= Anna Hasenfratz =

Hungarian-American physicist

Anna Hasenfratz is a Hungarian-American theoretical high energy physicist whose research involves non-perturbative theories, especially in lattice quantum chromodynamics. She is a professor of physics at the University of Colorado Boulder.

==Education and career==
Hasenfratz was a student at Eötvös Loránd University in Hungary, where she earned a master's degree in physics in 1980 and completed her Ph.D. in 1982, under the supervision of Péter Hraskó.
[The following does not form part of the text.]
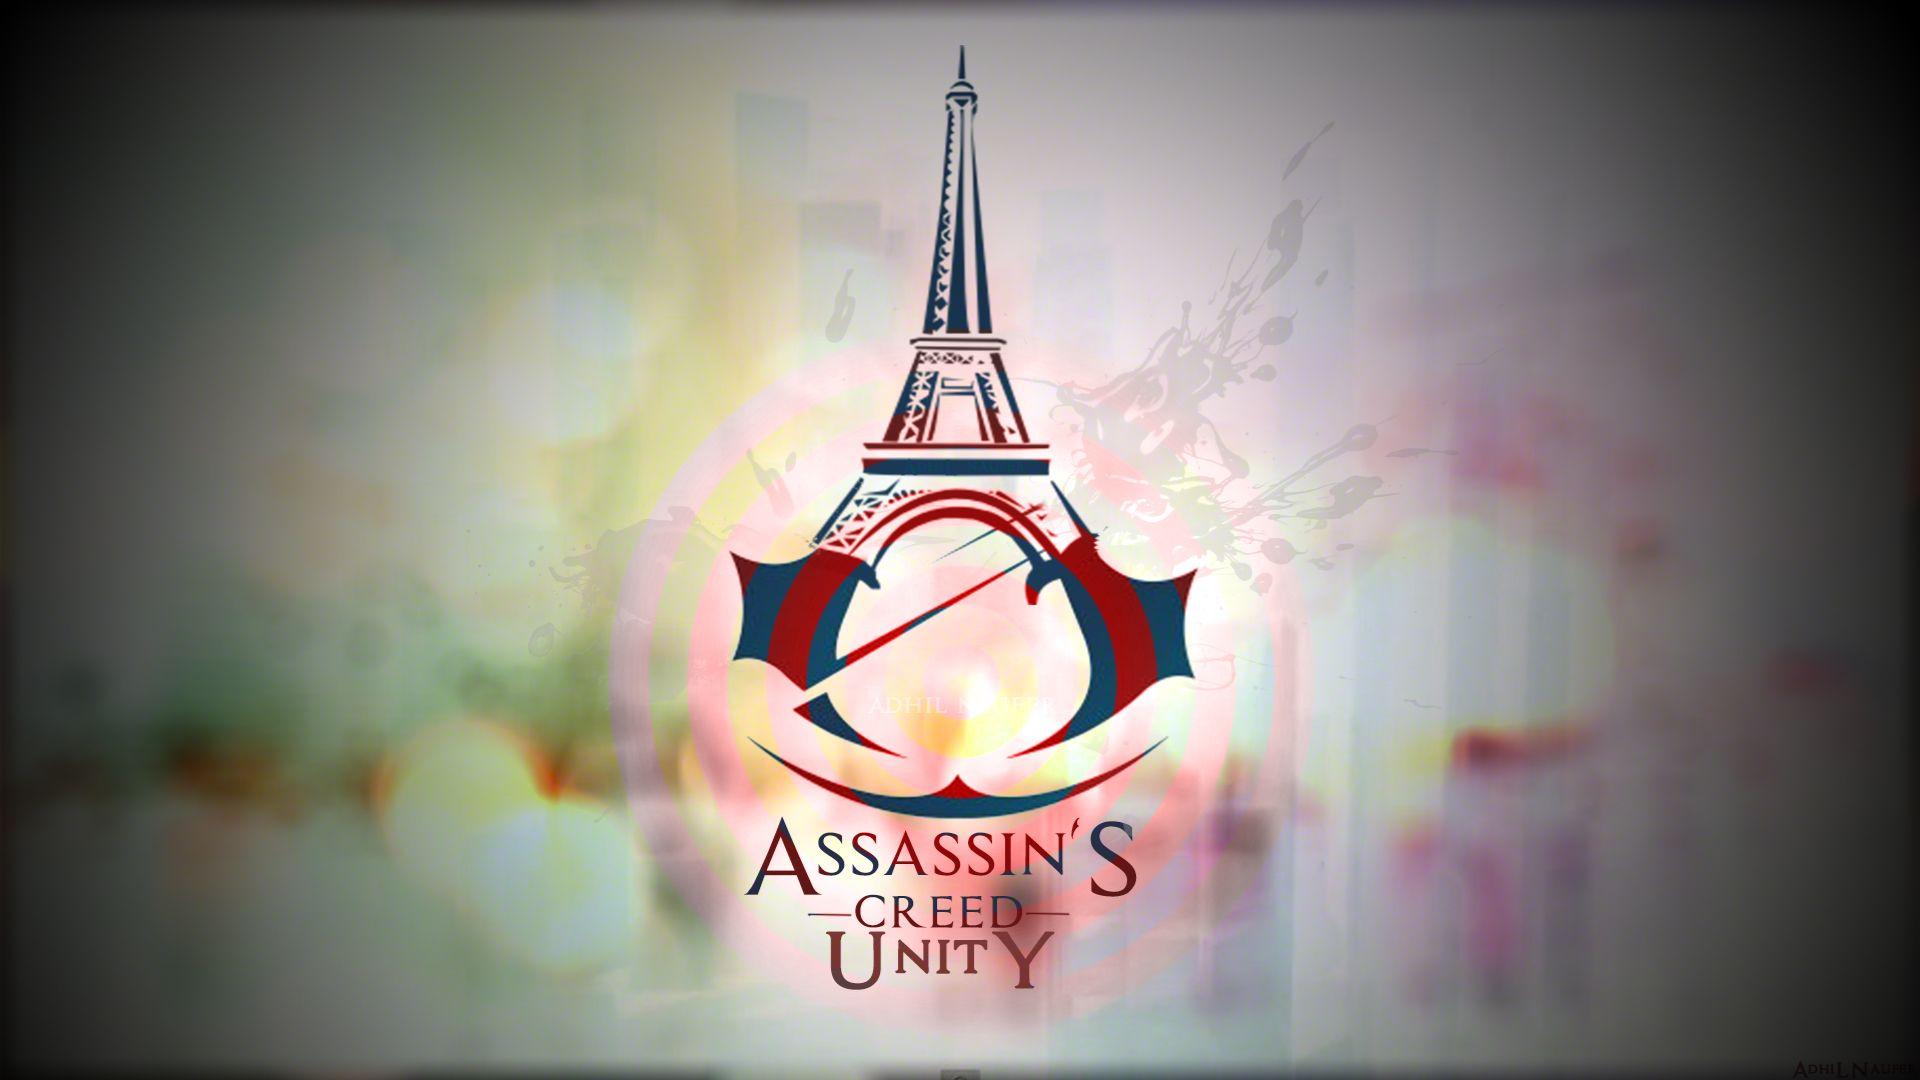 Assassin S Creed Unity Logo Hd Wallpaper

She held postdoctoral and visiting positions at the Central Research Institute for Physics in Budapest, CERN in Geneva, and the University of Michigan. Next, she became an assistant research scientist and later associate professor at Florida State University from 1985 until 1988, when she moved to the University of Arizona. She moved again, to her present position at the University of Colorado Boulder, in 1989, and was promoted to full professor in 2006.

==Recognition==
In 2008, Hasenfratz was elected as a Fellow of the American Physical Society (APS), after a nomination from the APS Division of Particles and Fields, "for her studies of nonperturbative behavior in quantum field theory, including quantum chromodynamics and models for electroweak symmetry breaking, using lattice discretization and renormalization group methods.

==Family==
Hasenfratz is the sister of Péter Hasenfratz (1946–2016), also a theoretical physicist. Together, they published "the first correct computation of the scale parameter of quantum chromodynamics on the lattice" in 1980; a later joint publication added a third Hasenfratz as coauthor, Péter's wife Etelka.